On top of that, you receive full commercial rights to every output, permanent and worldwide. Combined with the audit trail per image, this creates a cleaner commercial story than DIY rendering pipelines.

Before publishing, what quality checks should our team run in RAWSHOT?

Start with garment fidelity: confirm cut, color, pattern, logo placement, and drape match your actual product. Then verify model attributes and consistency for the face/body profile you’re using across SKUs. Finally, check provenance cues—C2PA signing, watermark visibility, and audit trail presence—so your publishing review has a record of the output.

When you find an outlier, you can adjust lighting and framing via the UI controls and regenerate quickly. Failed generations refund tokens, so experimentation stays safer for ops teams.

How do token costs work for stills, and what if a generation fails?

For photos, pricing is transparent at about ~$0.55 per image, with ~30–40 seconds per still generation. Tokens never expire, and you can cancel instantly from the pricing page if you need to stop mid-workflow. Failed generations refund tokens, so you’re not charged for unusable outputs.

This matters for production planning: you can run controlled iterations across lighting presets and compositions without hidden quotas or unclear metering. It’s designed for teams that need predictable creative throughput, not surprise charges.

Can we integrate RAWSHOT into our catalog pipeline with an API?

Yes. RAWSHOT provides a REST API for catalog-scale workflows while keeping the same garment-led engine behind the scenes. That means you can batch-generate outputs for many SKUs overnight and still rely on the same controls that you use in the browser GUI for single shoots.

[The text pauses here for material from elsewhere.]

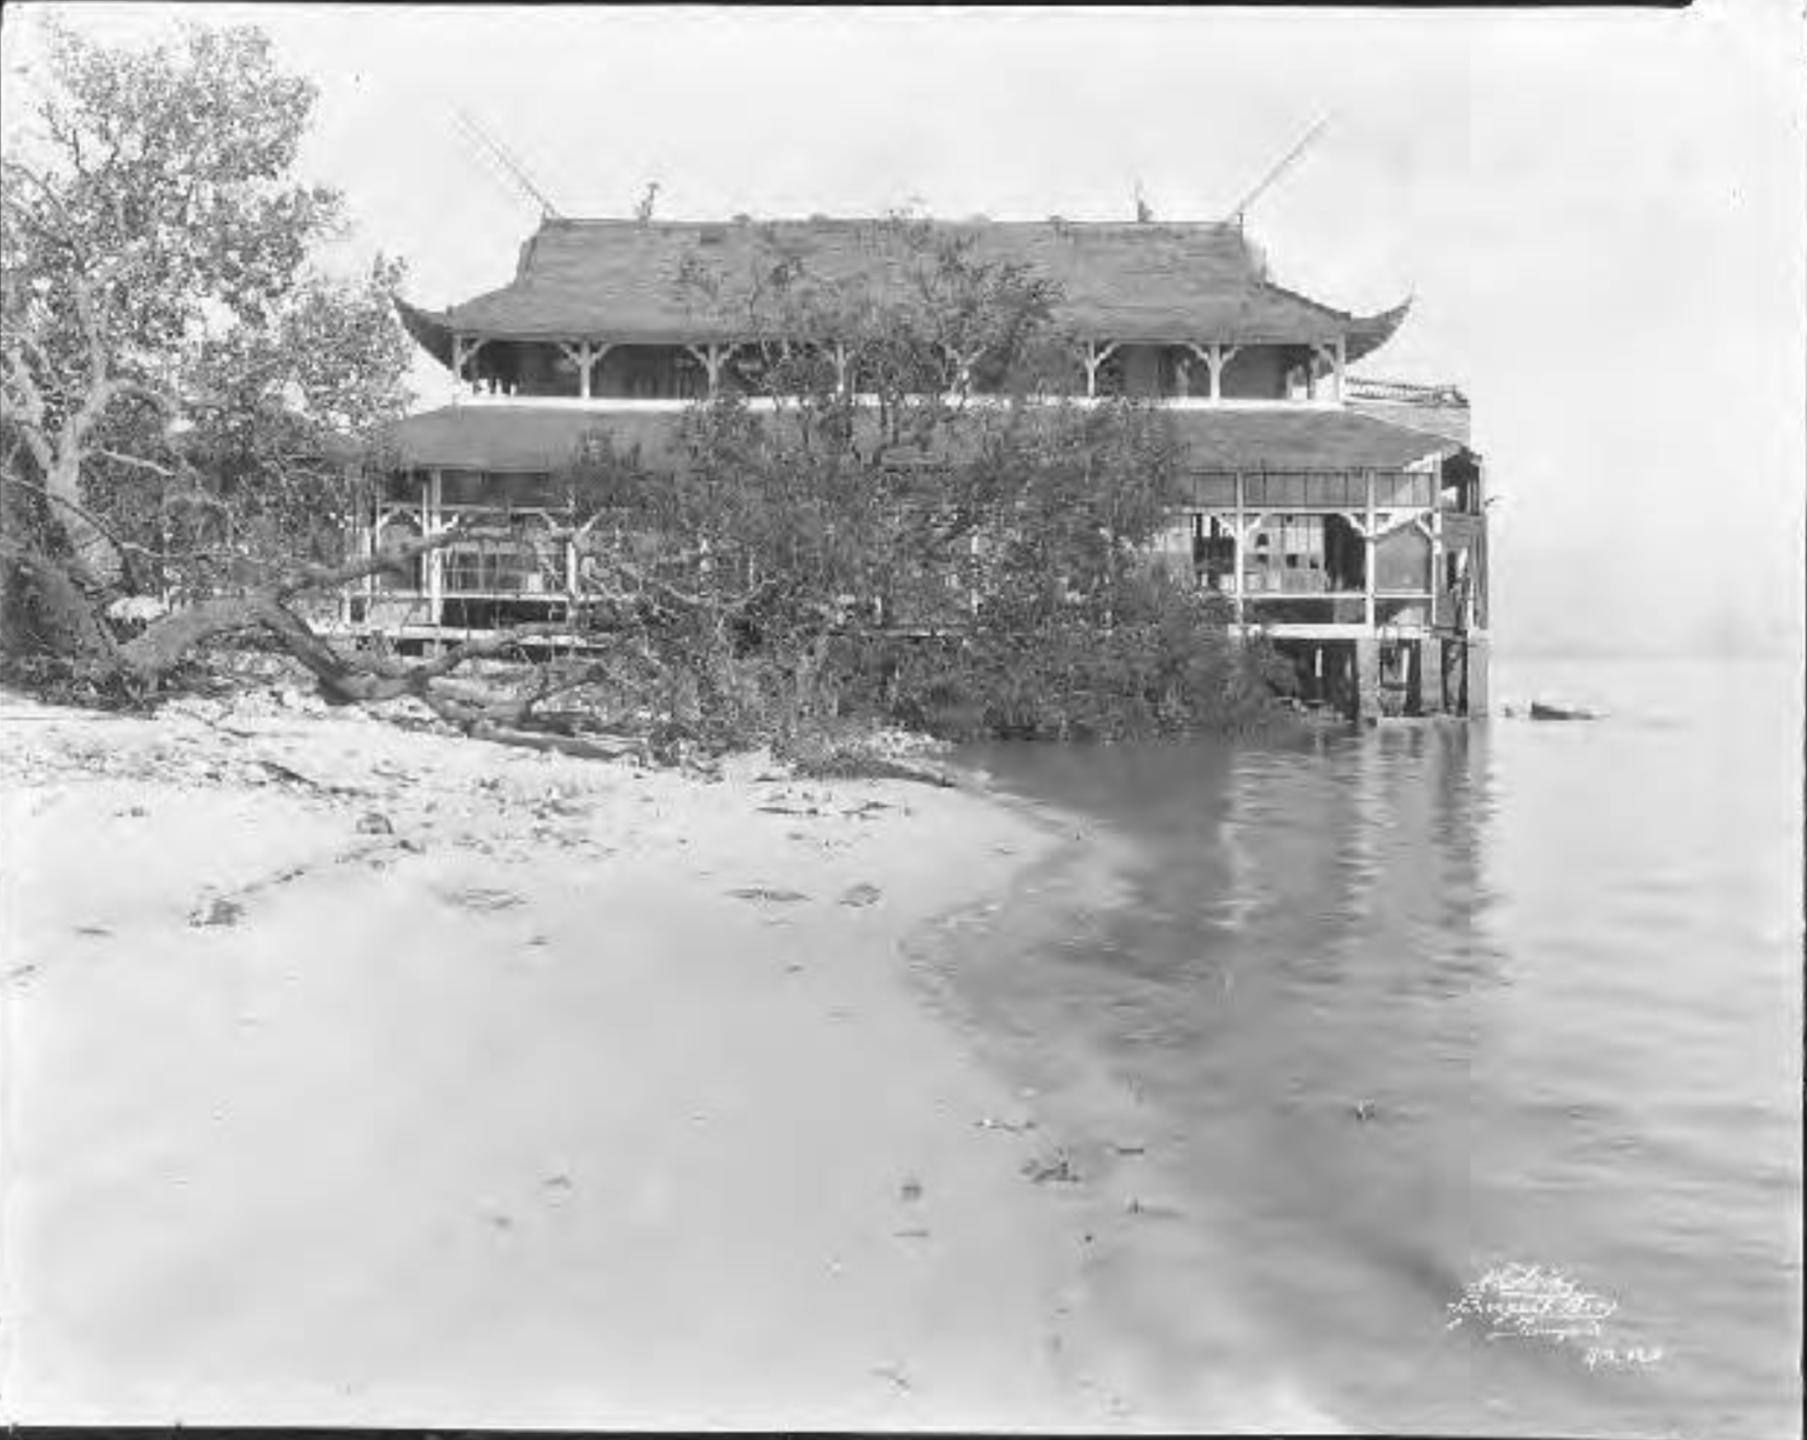 urricane damage to Ballast Point Pavilion Tampa, Fla..png

Pair the API with your internal review process: approve the lighting direction, then verify the audit trail and watermarking cues before publishing. This reduces manual rework compared with DIY prompt pipelines that don’t carry clean provenance metadata.

If we already use the browser tool, how does REST scale change team roles?

The browser tool is for directing shoots and validating look direction quickly. Once your art direction is locked, the REST API lets operations or engineering run the same generation logic across large SKU sets with consistent model profiles. That separation keeps creative review focused while automation handles throughput.

In practice, you can assign one role to approve lighting and visual style presets, while another handles catalog exports, QA checks, and publishing. The shared platform reduces coordination overhead because the interface and output metadata behave the same across one-off and batch production.